At some point, business owners will incur debts from the bank, vendors, and friends, to name a few. These don’t include personal loans they need to pay like mortgage and probably student loans.
If days are good, the sales and cash flow are enough (or even beyond sufficient) to settle these debts. On bad ones, though, they may find these creditors breathing down their necks, calling incessantly, and even threatening lawsuits.
Sadly, no thanks to the pandemic, many entrepreneurs may be facing the second situation. According to the World Bank, businesses are already showing signs of insolvency. In Utah, about 10 percent of its restaurants have decided to close for good in 2020.
How can one call a time out without further ruffling more feathers, so to speak? Business owners can consider these steps:
1. Review Payment Records and Behavior
For those who have been religious in paying their debt with interest, who rarely ask for extensions or negotiate their terms, and who have been loyal customers for years, now is the good time to use this good behavior as leverage.
- Business owners may be able to ask confidently for discounts, interest waivers, and longer payment terms.
- Many creditors are actually scared of losing great customers or damaging an excellent professional relationship that takes years to build.
- By now, the company’s previous actions illustrate credibility and trust. Several creditors see this as a sign that when the business is on track again, the owners will also resume paying the exact amount.
- Creditors would rather receive a partial or interest-free payment than none at all.
- Like debtors, many creditors don’t want to go through lengthy collection processes.
2. Explore Various Payment Options
No business will ever know if a creditor is open to a time out or break unless it asks. However, it would be better if the company already has a plan in mind on how to repay the debt. They can explore a variety of options.
First, there’s debt consolidation. In this process, the business can merge all existing debts and take up a single loan to pay them. This way, it thinks of only one loan and interest. It may also take advantage of a much lower interest rate than what other creditors charge.
The second choice is to use home equity.
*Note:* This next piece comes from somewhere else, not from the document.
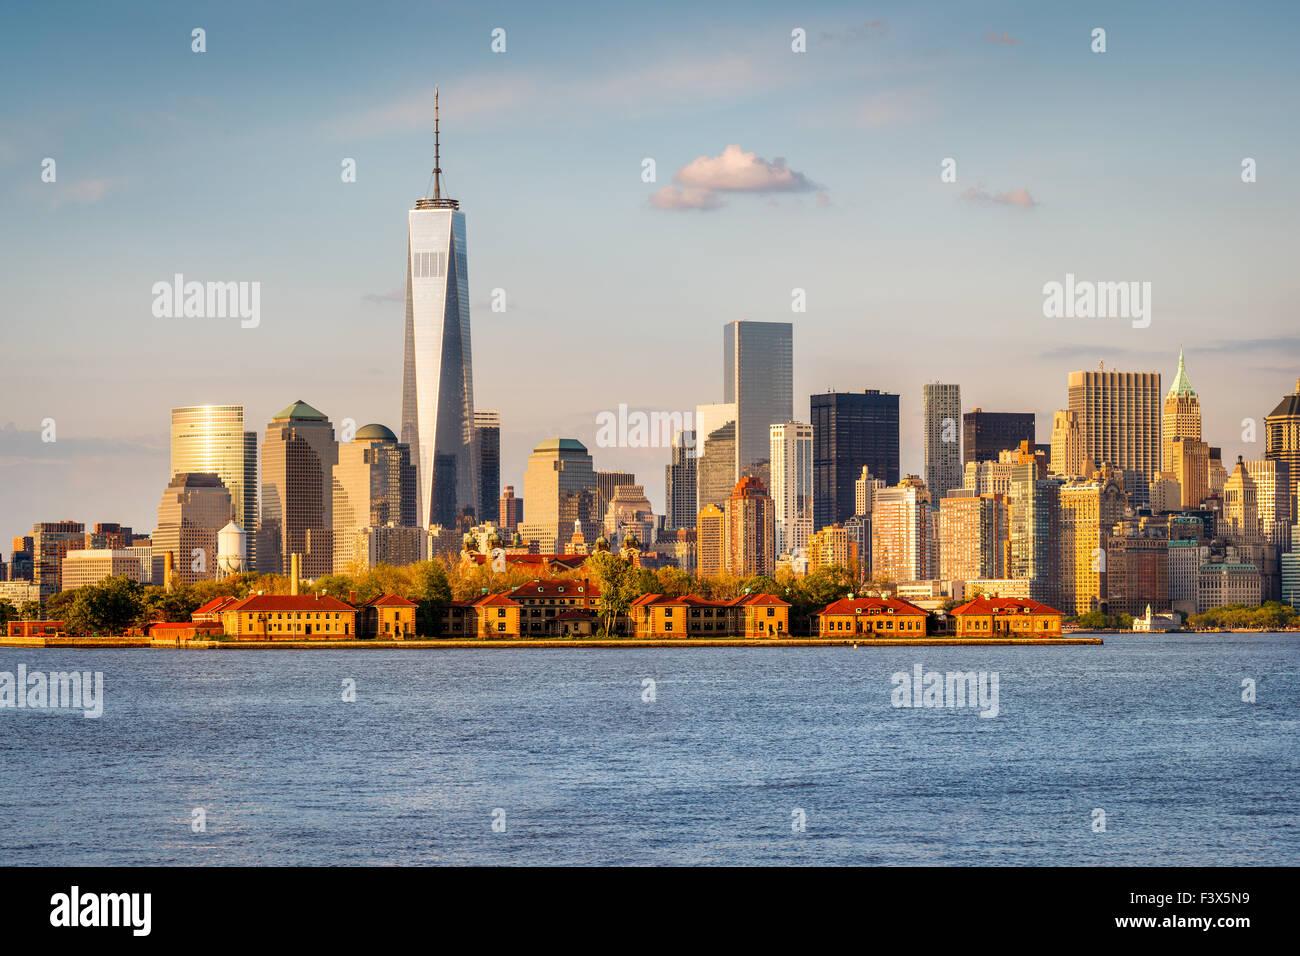 Il Porto di New York vista del World Trade Center e la parte inferiore di Manhattan con il quartiere finanziario Immagini Stock

Business owners can get a lump sum fund through a home equity loan or create a HELOC (home equity line of credit). With the latter, one can borrow an amount usually up to the limit of the property’s equity. Then they pay back the money with interest.
If other methods fail, the third option is bankruptcy. Because this is a decision with a possibly severe impact on finances and credit status, an entrepreneur should talk to an expert first.
Bankruptcy rules, like exemptions, can vary between states. Thus, businesses operating in Salt Lake City, Ogden, or Provo needs to talk with a bankruptcy attorney. They can also help choose the best bankruptcy method.
For instance, entrepreneurs who don’t plan to run the business anymore can opt for Chapter 7, which is the most common. This one focuses on liquidating the assets to pay off the creditors, depending on the exemption.
In the Beehive State, the court cannot force an individual to certain types of pension, personal property like artwork made by or depicting a family member, motor vehicle up to $2,500, and tools of the trade up to $5,000.
Chapter 13, meanwhile, is a possible choice for business owners committed to paying off their debts but don’t want to sell their assets. The court will help the debtor create a payment plan for five years to repay all secured loans and a percentage of the unsecured debt.
3. Maximize State Debt Assistance and Grants
The majority of the businesses in Utah have been affected by the COVID-19 pandemic, and they can get help from the state to support some of their financial needs.
One popular program is the Paycheck Protection Program (PPP), which is intended for small businesses that strive to keep their employees despite the pandemic. In return, they can apply for a loan and receive debt forgiveness for expenses incurred, such as payroll and rent and utility payments enforced before February 15, 2020.
The Utah Microloan Fund supports low-income and underserved communities in the state by providing business training and small business loans up to $50,000 for those who cannot qualify for traditional sources of funds.
When there’s no money in the coffers, facing creditors is difficult, but running away or pretending it isn’t happening is worse. Asking for a reprieve and getting help as soon as possible are still two of the best ways to deal with the problem.